Folic acid (or folate) is a B vitamin that helps your body make healthy new cells and allows your nervous system to function properly. Developing fetuses need folic acid to avoid deformities like spinal Bifida. You can find folic acid in asparagus, spinach, broccoli, zucchini, lettuce, and sunflower seeds.

How Long Is Chicken Salad From Newks Good For?

It is best to eat the Newks Chicken Salad within a few hours. When preparing it, make sure you are using a salad that contains no preservatives or additives.

If you have leftovers from your Newks Chicken Salad Recipe, it is best to store them in an airtight container and place them in the refrigerator.

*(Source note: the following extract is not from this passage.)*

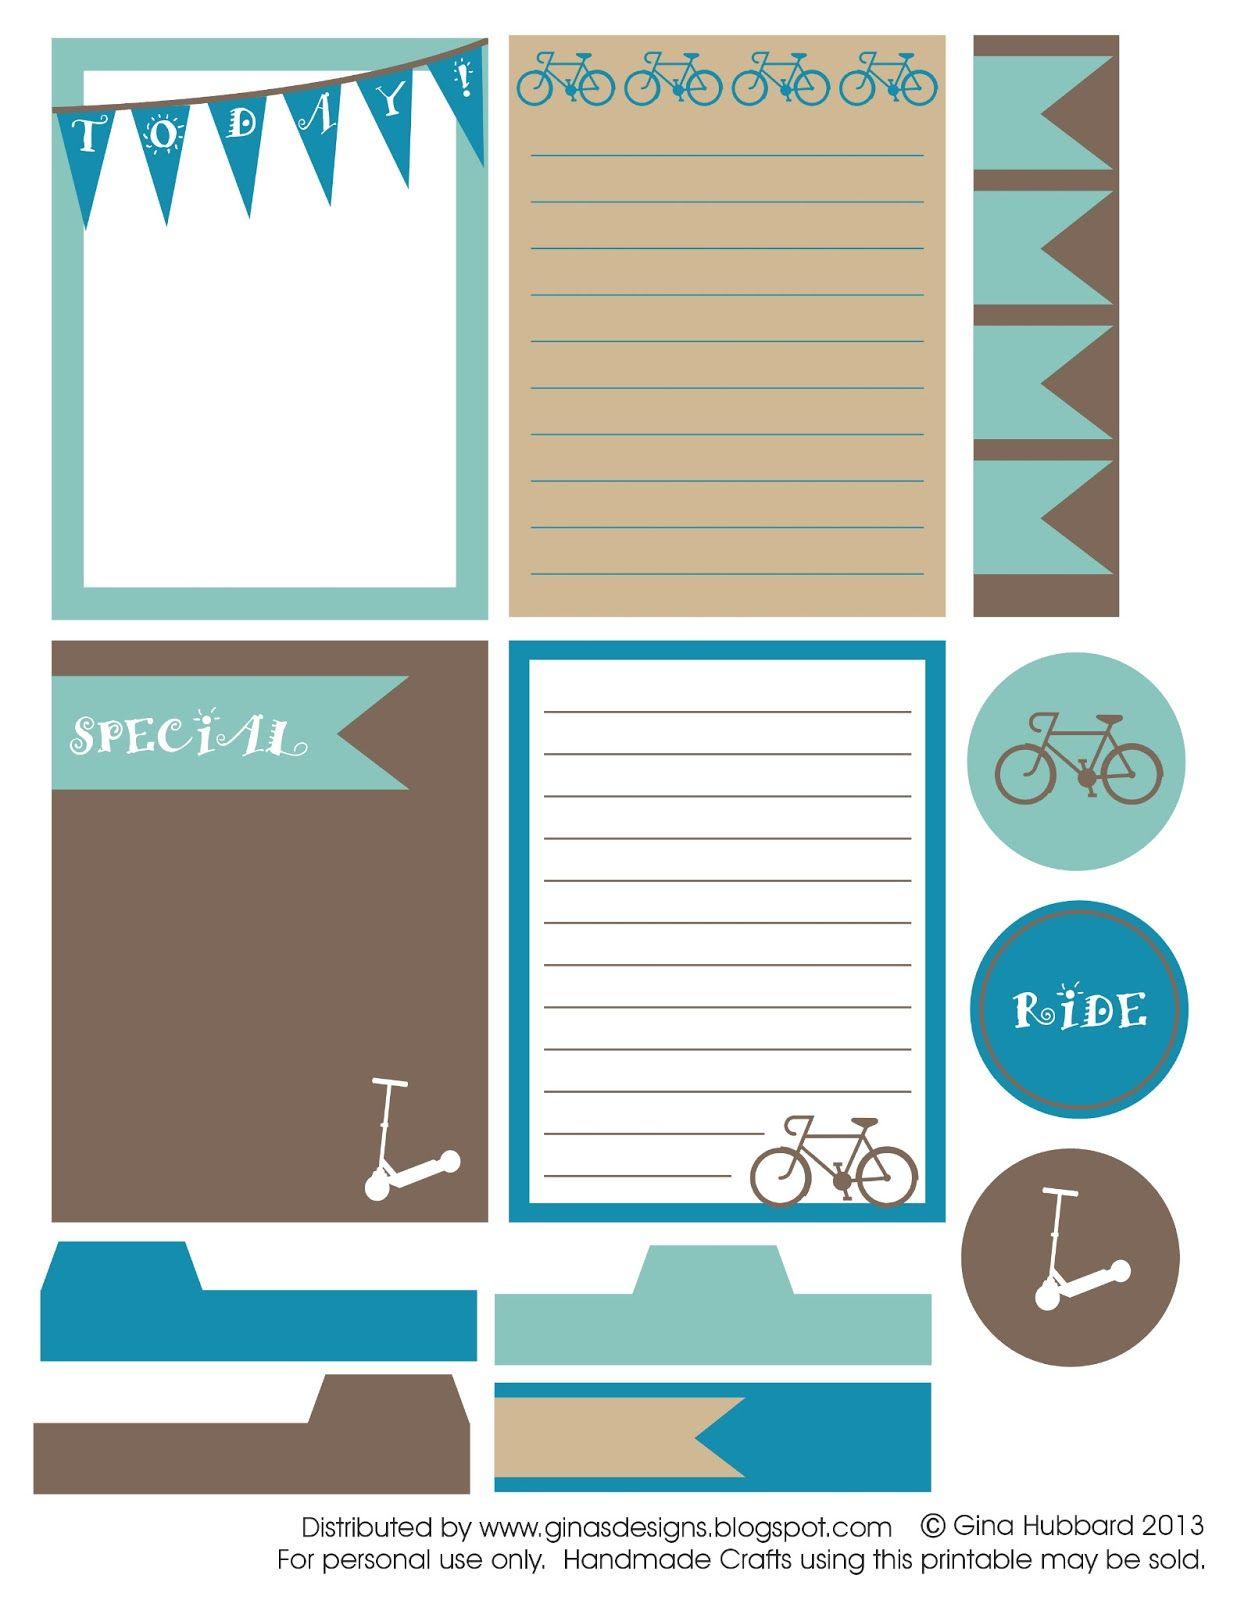 Pin de estefania ochoa en plantillas | Pinterest | Etiquetas ...

How To Serve Newks Chicken Salad Recipe?

Serve the Newks Chicken Salad on a bed of greens. You can also use sliced oranges instead of greens or combine the salad with carrot sticks and vegan celery sticks.

Is Newks Chicken Salad Recipe Safe For Children?

Yes! This recipe is safe for children, but you can make it more “kid-friendly” by using a combination of broccoli and cauliflower instead of carrots and celery.

You can even use vegan chicken fingers in place of real chicken to make the dish healthier, or you can skip this step altogether and serve the Newks Chicken Salad Recipe without chicken.

Bottom Line

Newks Chicken Salad Recipe is the perfect, healthy meal for your baby shower, daily lunch or dinner, and any other special occasion. Newks Chicken Salad Recipe is a healthy alternative to traditional chicken salad recipes because of its unique ingredients.

If you’re planning a healthy meal for your baby shower or planning on eating this dish often, choose fresh ingredients like avocado, mango, and tomato. These ingredients are also rich in fiber and vitamin C, making these items perfect as part of a nutritious diet plan.